===== Recorded information =====

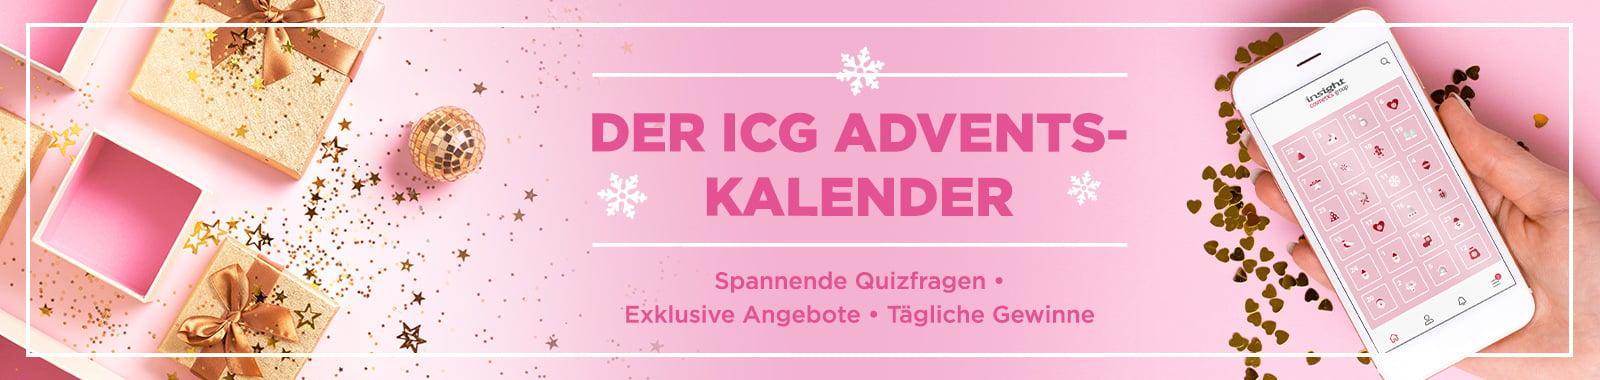 ICG_XMas-Calendar_Webshop-Frontpage-Banner_Launch_1600x380_DACH
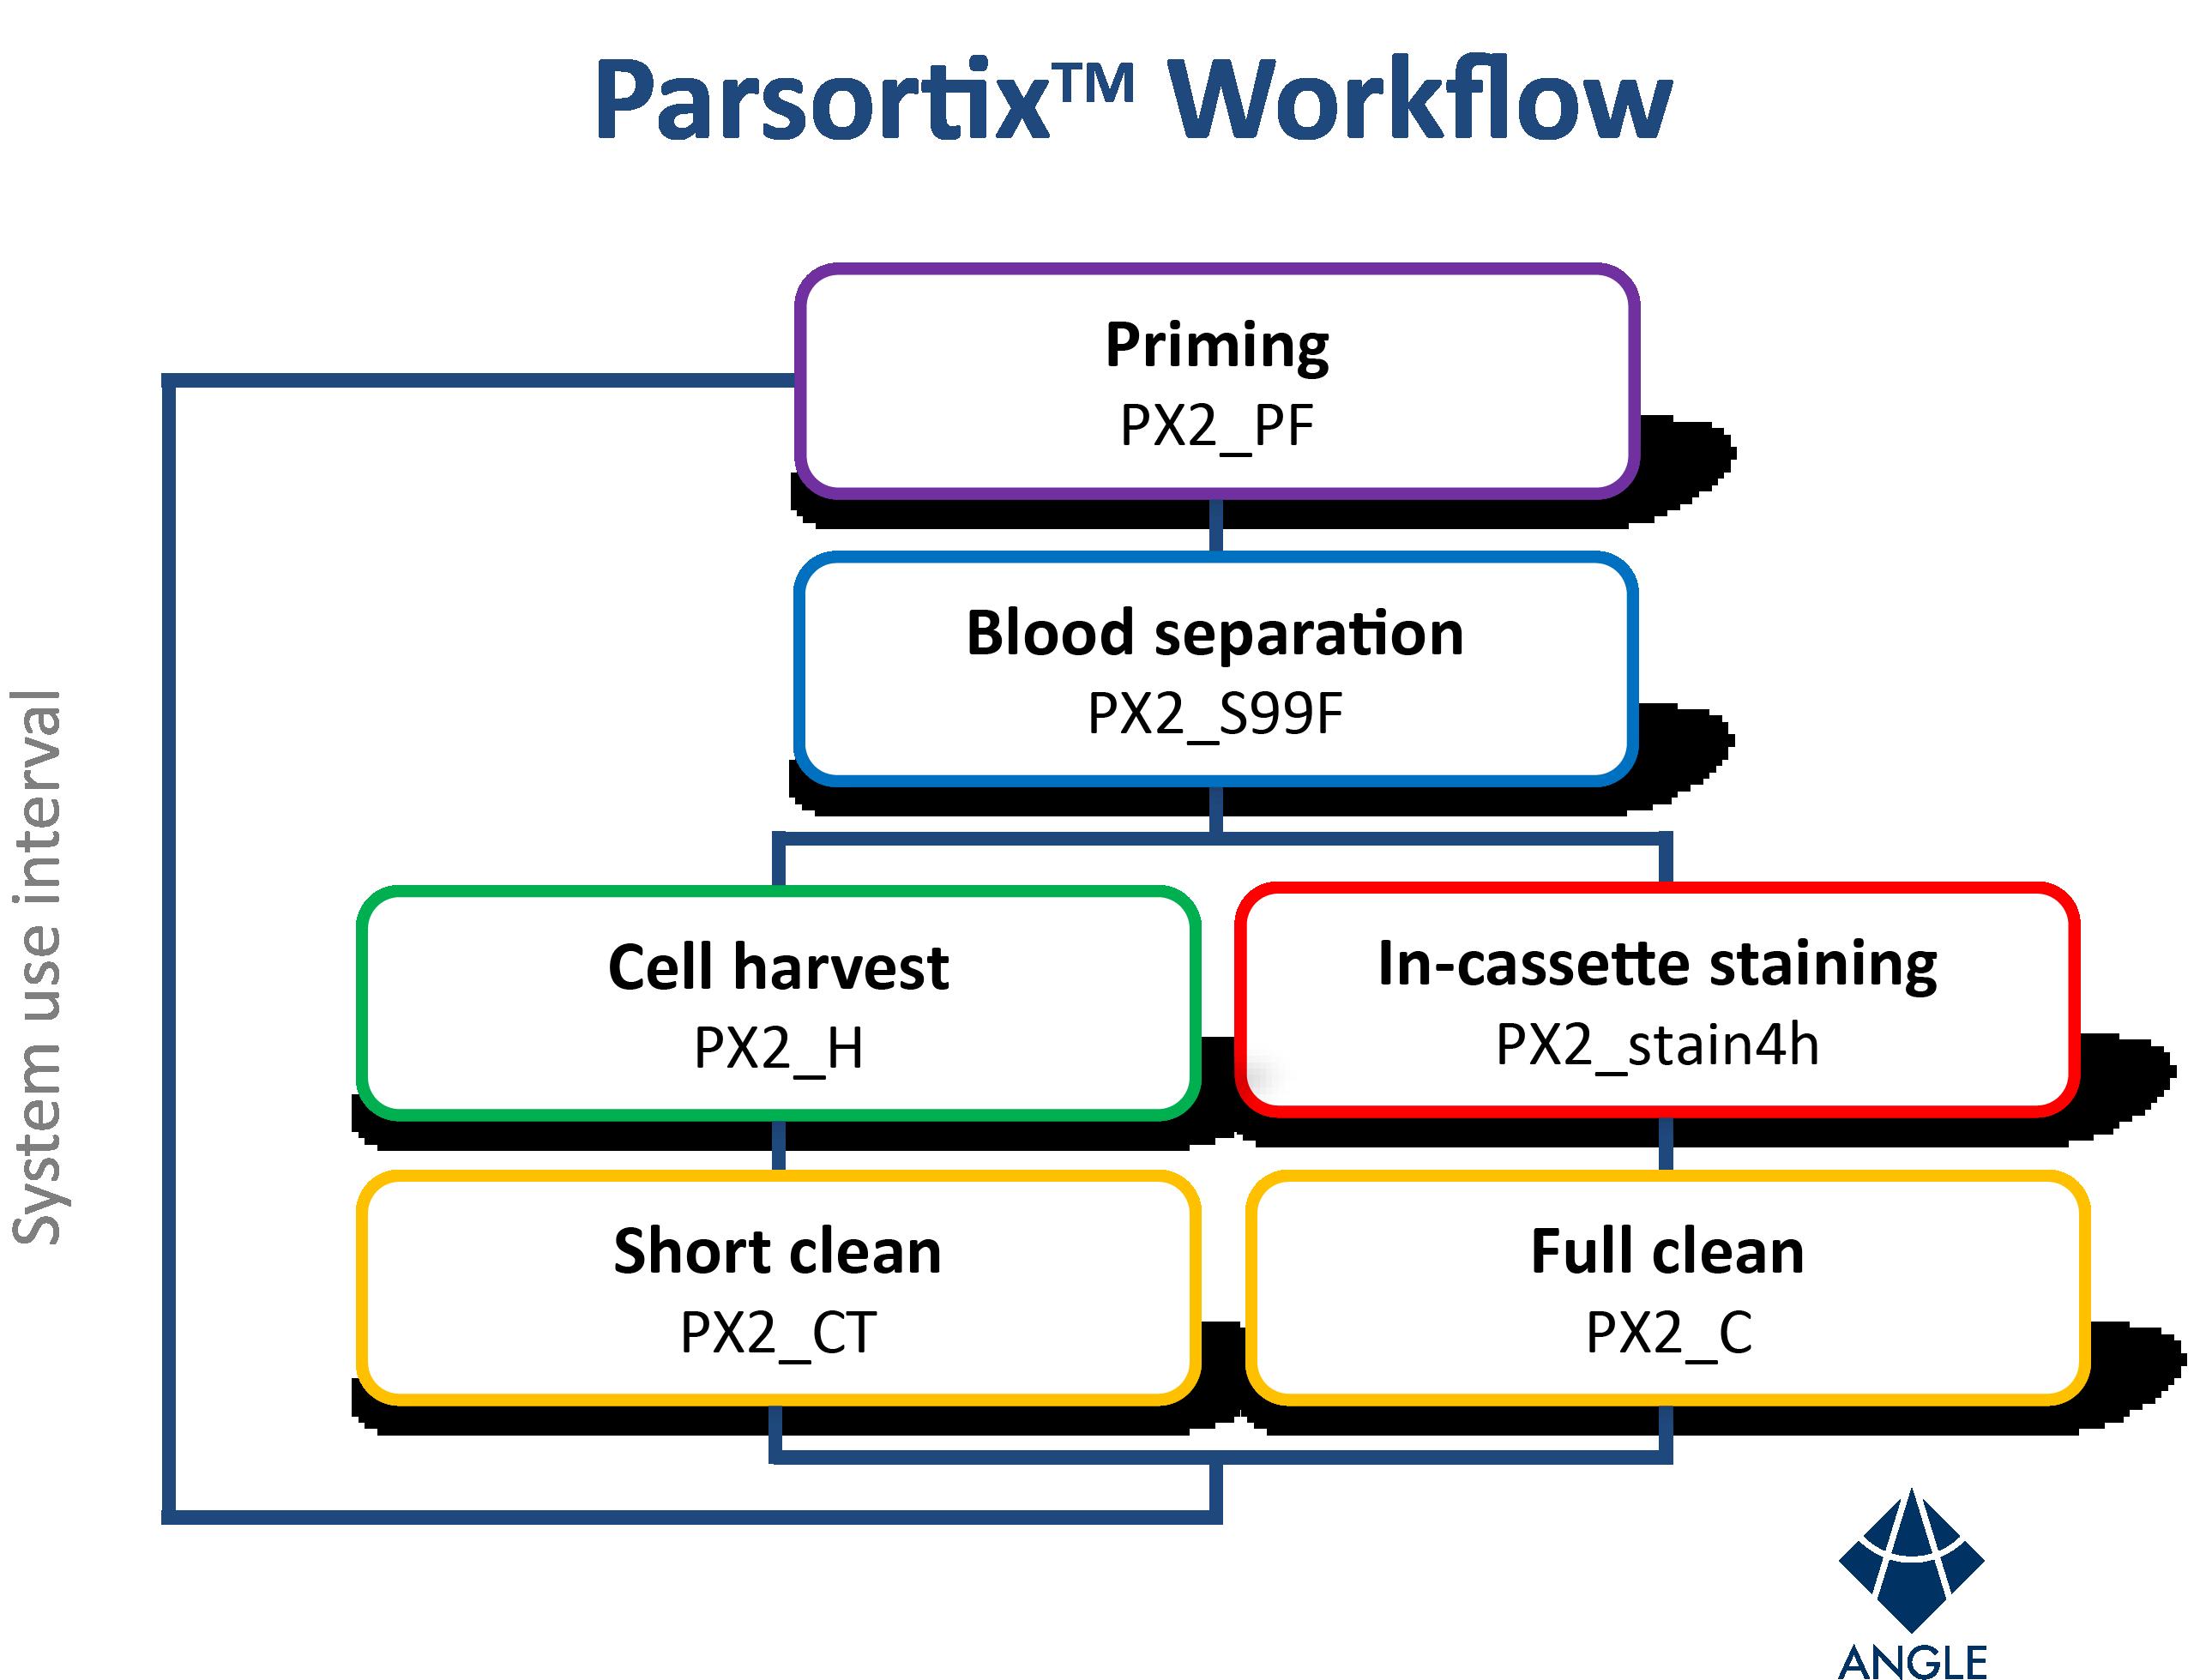 Parsortix_US_Workflow_Chart
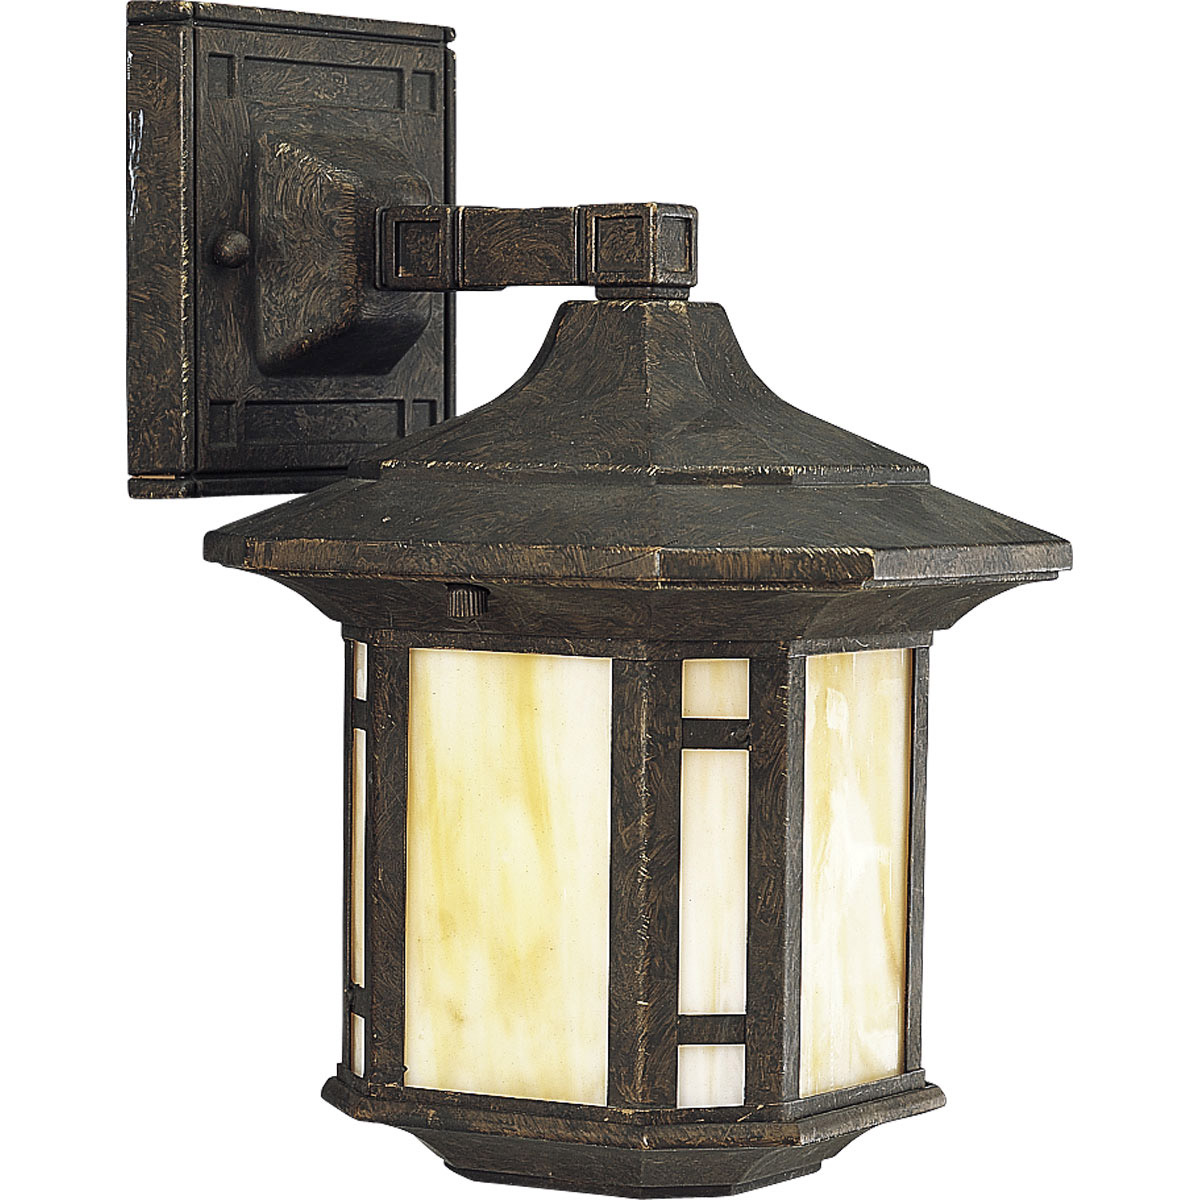 Outdoor Lighting Fixtures Arts And Crafts Progress Lighting P5628 46 Arts And Crafts Outdoor Wall Mount Lantern
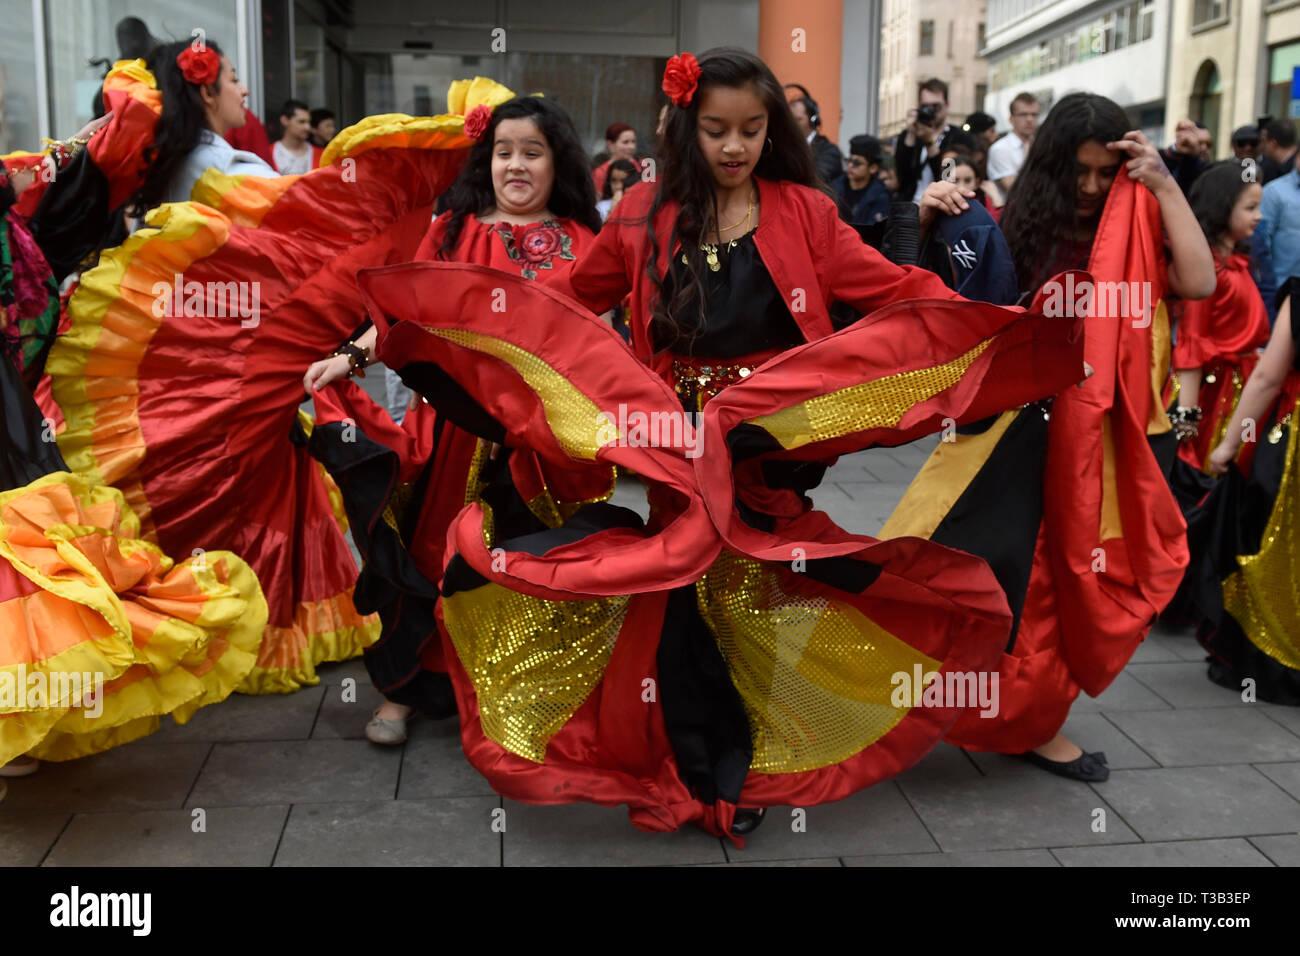 Brno, Czech Republic. 08th Apr, 2019. Girls attend Roma Pride march organised within Week of Roma Culture, on International Romani Day, April 8, 2019, in Brno, Czech Republic. Credit: Vaclav Salek/CTK Photo/Alamy Live News - Stock Image

=====

* _To do_
Should there be pictures in the data, leave them out and return the rest exactly.

* _Written answer_
 ICG_XMas-Calendar_Webshop-Frontpage-Banner_Launch_1600x380_DACH
 Parsortix_US_Workflow_Chart
 Outdoor Lighting Fixtures Arts And Crafts Progress Lighting P5628 46 Arts And Crafts Outdoor Wall Mount Lantern
 Brno, Czech Republic. 08th Apr, 2019. Girls attend Roma Pride march organised within Week of Roma Culture, on International Romani Day, April 8, 2019, in Brno, Czech Republic. Credit: Vaclav Salek/CTK Photo/Alamy Live News - Stock Image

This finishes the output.